How are we going to pay for this? Who will it impact?  

 

The Biden Administration has proposed for tax increases to both pay for the spending that has already occurred, and for more spending on things like infrastructure and job creation. Although nothing is final, some of the proposed increases are the following: 

  • Increased income taxes for those earning over $400k 
  • Increased corporate taxes from 21% to 28% 
  • Increased capital gains tax (20% to 39.6%) on taxpayers whose income exceeds $1million  

 

Theoretically, these tax increases are supposed to impact “those who can afford it” which is often described as the top 1% in our country. In theory, this makes sense, and is mostly true that the top 1% can afford. However, those who “can’t” afford it, who aren’t supposed to be impacted, will actually be significantly impacted. Increasing or decreasing taxes has intended outcomes and unintended consequences and creates incentives or disincentives. If the intended outcome and incentive for increasing taxes is to reduce debt and create jobs, what are the unintended consequences and disincentives?  

 

If a corporation’s profits are reduced by 7% overnight due to increasing corporate taxes from 21% to 28%, they’ll be put in a position where they can accept the loss in profit for the good of the people (assuming they can afford it), or they will need to figure out how to make up for this loss. With a new precedent being set for starting wages, increased cost of goods (at least for now), and potentially a 7% increase in corporate taxes, what can consumers reasonably expect to happen? How can your bill at the grocery store not increase? One logical conclusion is corporations start to spend less money. As a result, there would either be a decrease in wages or less jobs, both of which would be harmful to the 99% of people that were supposed to be unharmed by the increase in taxes. If corporations don’t go in that direction, which hopefully they don’t, corporations are forced to pass along these increases in costs to the consumer to maintain current levels of profit. As a result, I see one of two unintended consequences:  a decrease in job creation or increased expenses. This effects 99% of the people who “won’t” be harmed. 

 

Regarding the proposed increase in the capital gains tax from 20% to 39.6%, I think it’s important to understand how a majority of capital gains are created. The form familiar to most, is through a taxable investment account. If you invest $1,000 and it grows to $2,000, you have an unrealized capital gain of $1,000 that is subject to capital gains tax. Simple enough. The area of capital gains that is usually forgotten is in the ownership of a business. When a business is sold for a profit, there is a capital gain. For example, a business owner may have invested $500k to start a business, and many years later sold the business for $5 million. The sale of that business is taxed as a capital gain.
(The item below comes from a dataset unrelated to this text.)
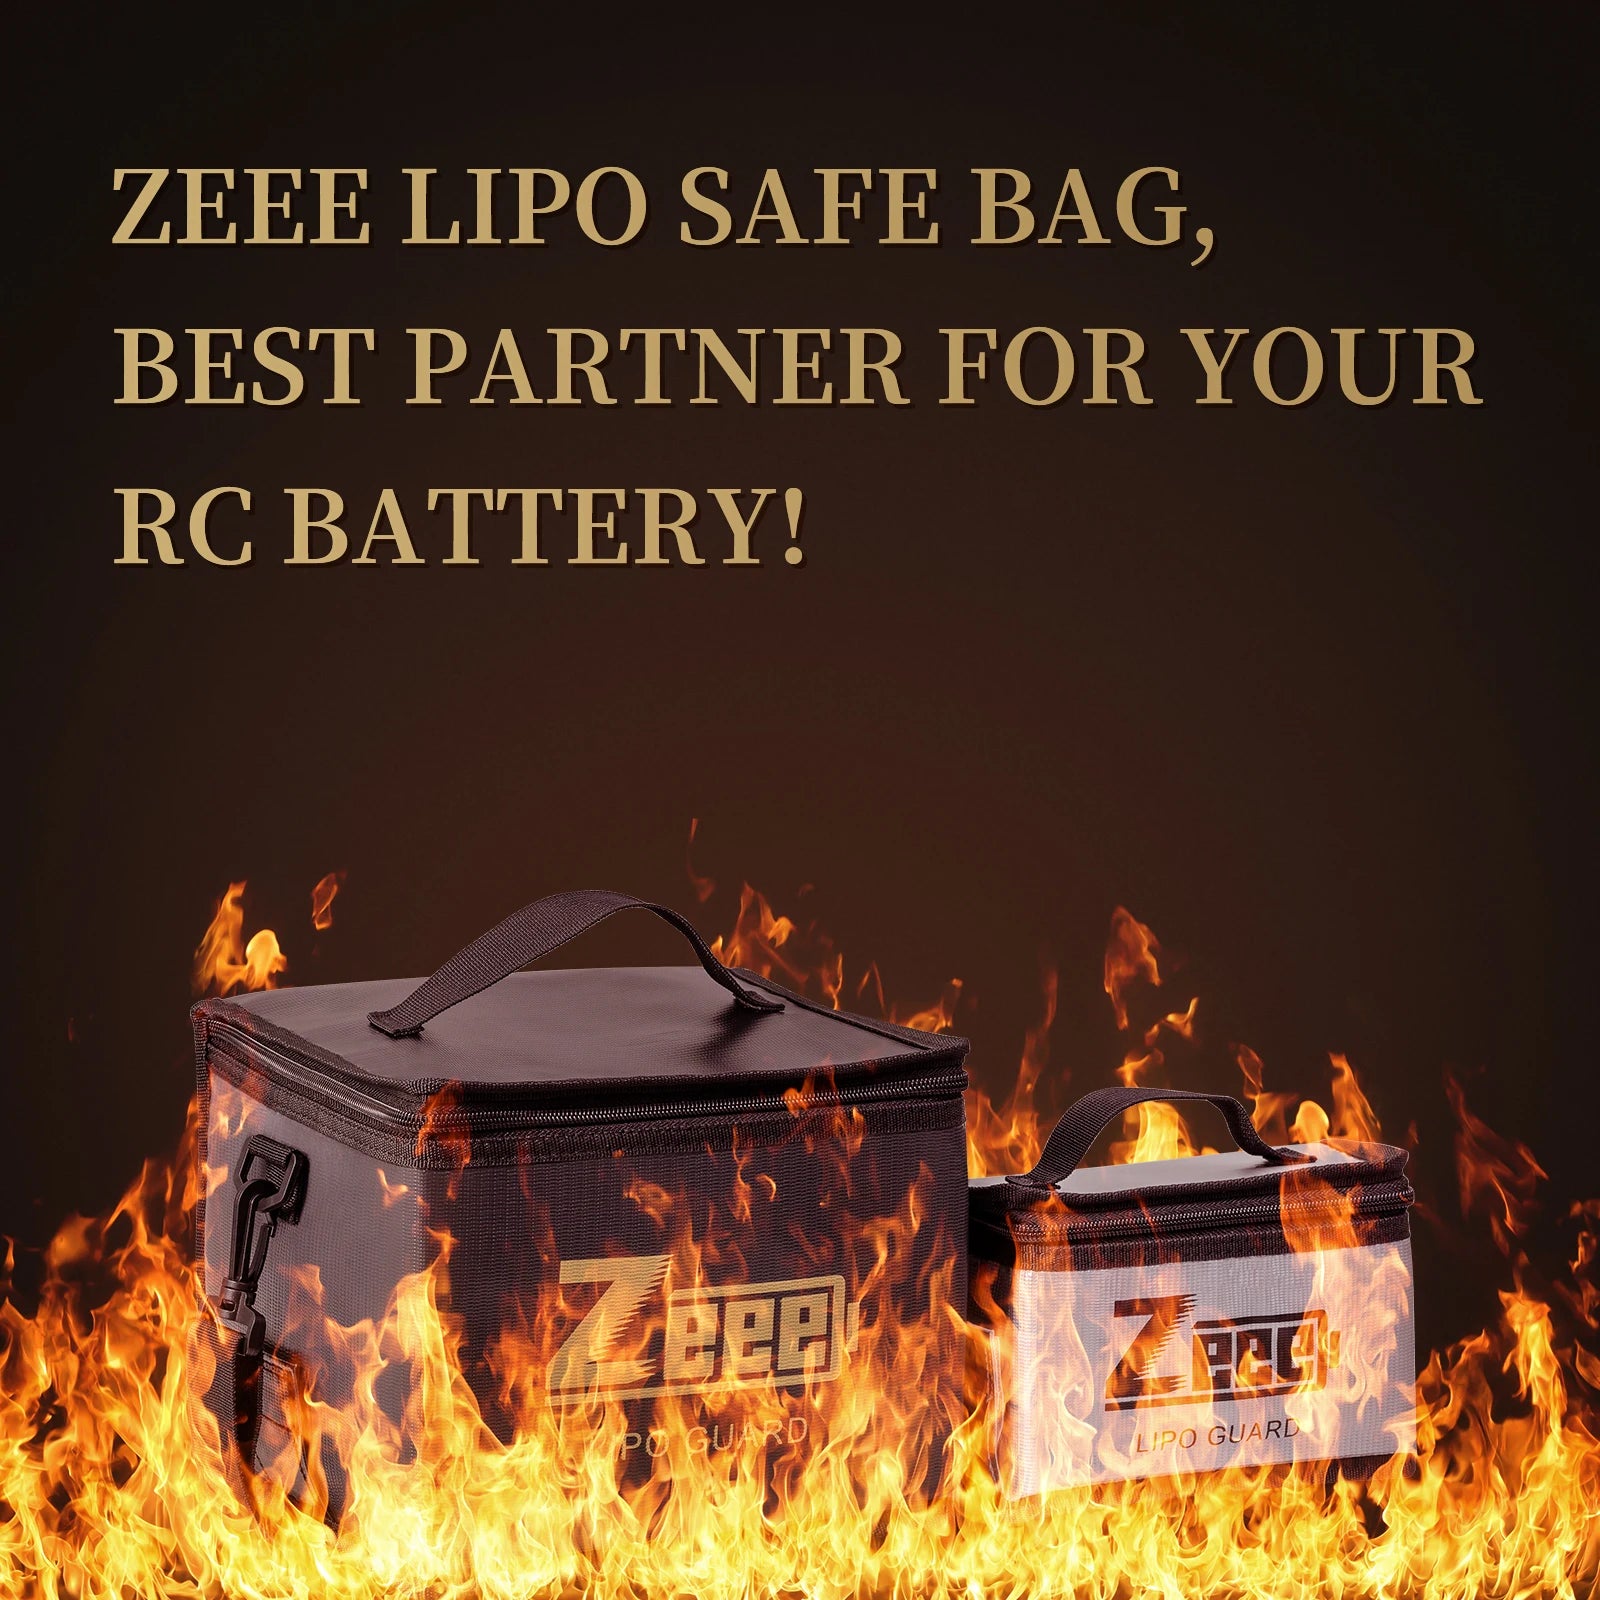 2 Size Zeee Lipo Bag, ZEEE LIPO SAFE BEST PARTNER FOR YOUR RC BATTERY

Although that business owner may not have been making anywhere near $1million/year, under proposed tax plan, the sale of this business would be subject to a 39.6% federal capital gains tax (not to mention, depending on what state the business is in, they would likely pay taxes at the state level as well). As a result, the unintended consequence is the disincentive to invest in both the stock market and in a business. If you’re in the top 1%, why would you continue to invest at your current levels if your profits are going to be cut in half by capital gains tax increases? If there is less investment in business, the likely outcome is less jobs. If there is less investment into the stock market, the likely outcome is increased spending. If there is an increase in spending (demand) the likely outcome is an increase in the cost of goods – in other words, more inflation, which will impact the other 99% of people.  

 

In summary, I have a really hard time understanding how increasing taxes is the correct solution to the problem. I’m struggling to understand how the lower and middle class aren’t going to be hurt most by what is being proposed. It’s important for you to think for yourself, think about both the intended and unintended consequences, and follow the incentives and disincentives that are created by these proposed changes. Draw your own conclusions and think: What will I do as a result? What’s my plan?